On the other hand, this solution works almost fine for the international community. And almost fine is often good enough. The shooting and destruction stop, NATO is enlarged, western alliance is strengthened, and most harmful sanction elements can be removed pushing Russia to deliver on some things on its own. Black Sea ports can be unblocked, although who controls them is another issue. Some arrangements can be made to get the oil and gas flowing again, reducing the domestic pressure created by rising prices. And even if Russia stays under some sort of conditionality regime, general relations can be safely restarted.

The added benefit of getting Russia back into the fold would be removing it from the slow but inevitable grip by Beijing. Although in this partnership Russia would be junior, it would still keep together two of three great nuclear powers. Coupled with China’s rising military might, and economic potential of Russia and China, this would be a powerful alliance indeed. But the real power behind it would be China, not Russia.

It is possible that NATO itself, strengthened with the newly found sense of purpose, accession of Sweden and Finland, and renewed Euro-Atlantic commitment, would feel strong enough to balance this out.

The real danger in this repositioning, for us, lies in the possibility of other “less-than-democratic” regimes trying to settle their favorite scores while big blocks are busy trying to resolve the Ukrainian conflict.

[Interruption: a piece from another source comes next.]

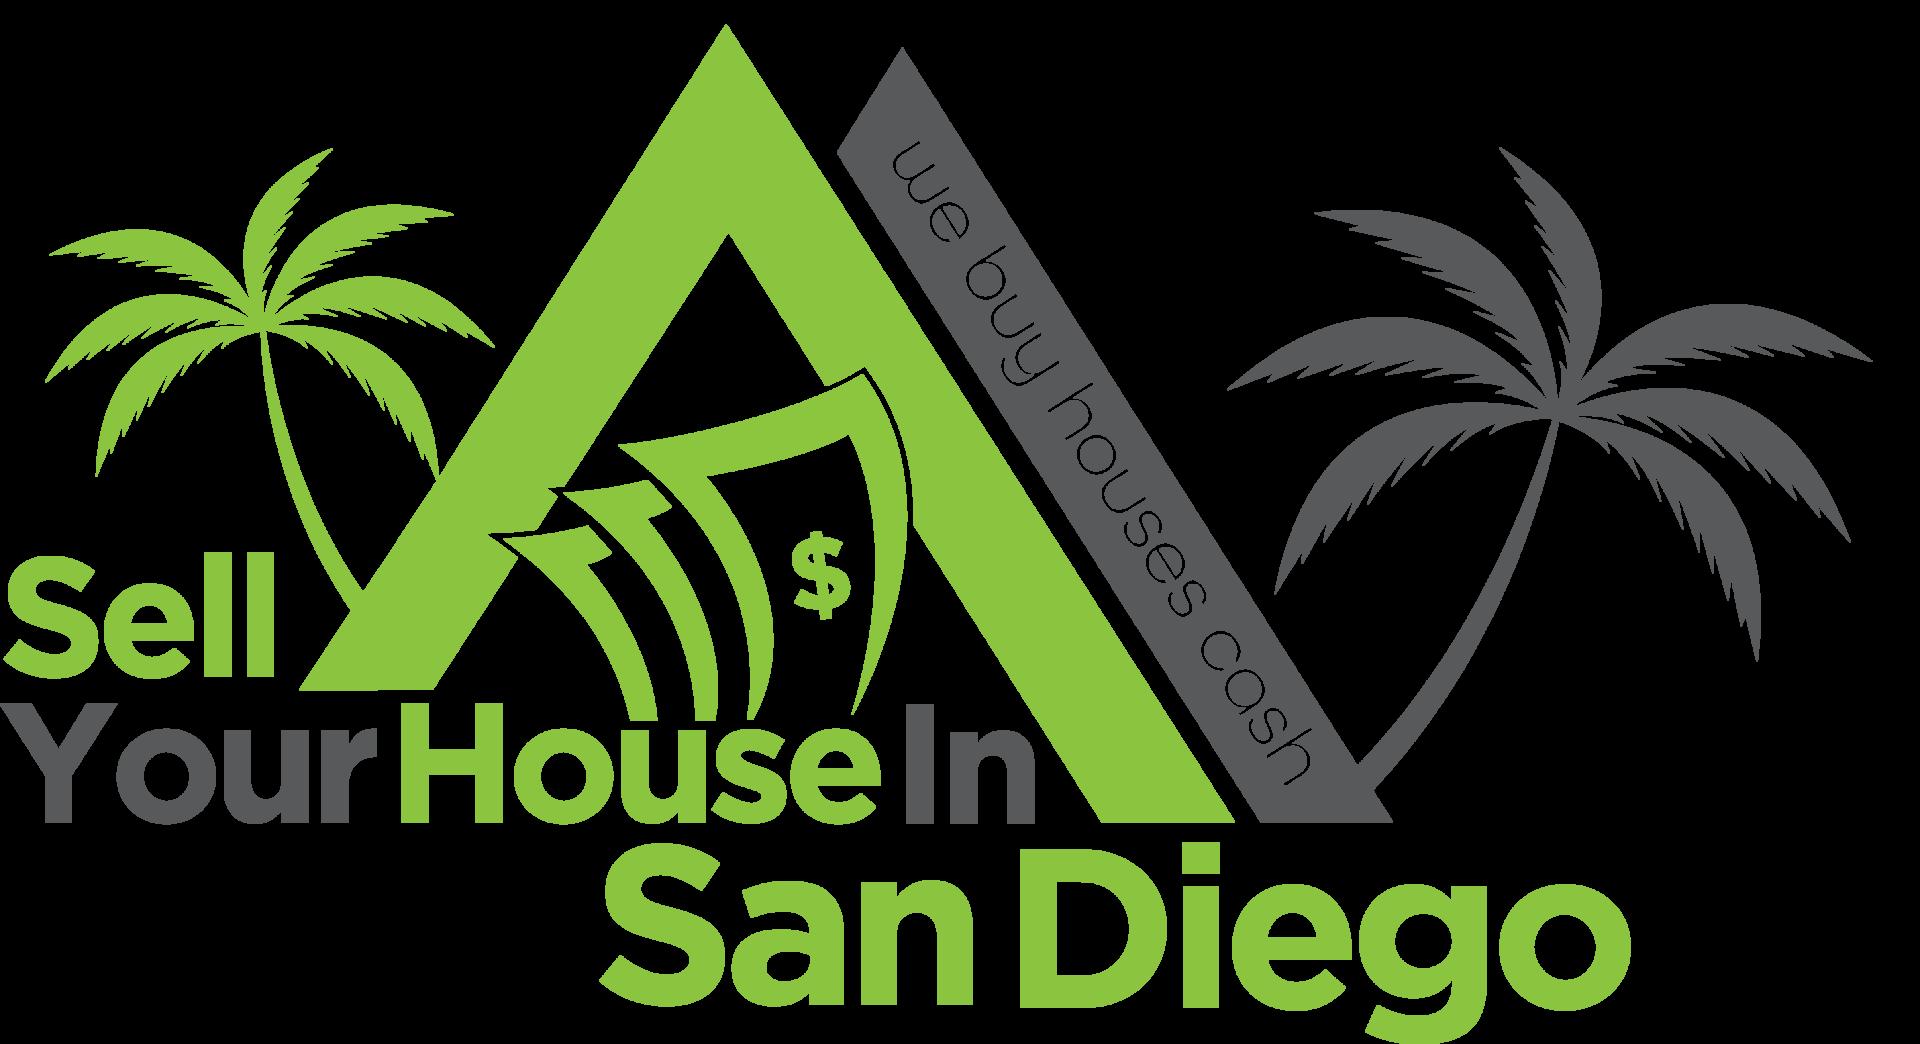 We Buy Houses In San Diego logo

If Turkey decides to attack the Kurds, China decides time is right to retake Taiwan, North Korea dececides the now or never

Finally, how does this end for Ukraine? Unfortunately, only one scenario allows Ukraine to come on top, and that includes an absolute or at least relative victory over Russia in Ukraine. Although Kyiv is obviously aware that this is a far-fetched aim, it seems slowly moving away from the February 23 position. Which would leave 15% of Ukraine under occupation or under the quagmire of the Minsk-type arrangements anyway.

Ukraine demonstrated several times so far that it can defeat Russian troops, but for that it still requires political and technical support from the west. While the momentum lasts, it seems that Ukraine’s best bet is to change the “facts on the ground” as much as possible in its favor. Especially if it manages to sever the Crimean corridor and retake some strategic points in the east.

So however one looks at the situation in Ukraine, getting a victory over Russia will require a concentrated effort of Ukraine and the international community. And for that, the international community needs to maintain the focus on a common goal. Even if Ukraine is allowed to slide into a stalemate of a “transitional peace arrangement”, the IC going in needs to have a vision how to get out. Again, before somebody moves in, we need to know how it ends. European support and assistance to Ukraine will certainly come in handy, but no amount of integrationing, fighting corruption, improving public administration and other things the European community is so good at supporting, will resolve the underlying problem for Ukraine – Russian occupation of parts of its territory. That, it would seem, Ukraine needs to resolve for itself.

As it seems fairly likely that an initial push for this “transitional peace” might come some time soon, the international community would do well to start looking into the “how it ends” rather quickly, looking for points of agreement between Ukraine and its international partners, and at least drafting the rules before the game starts.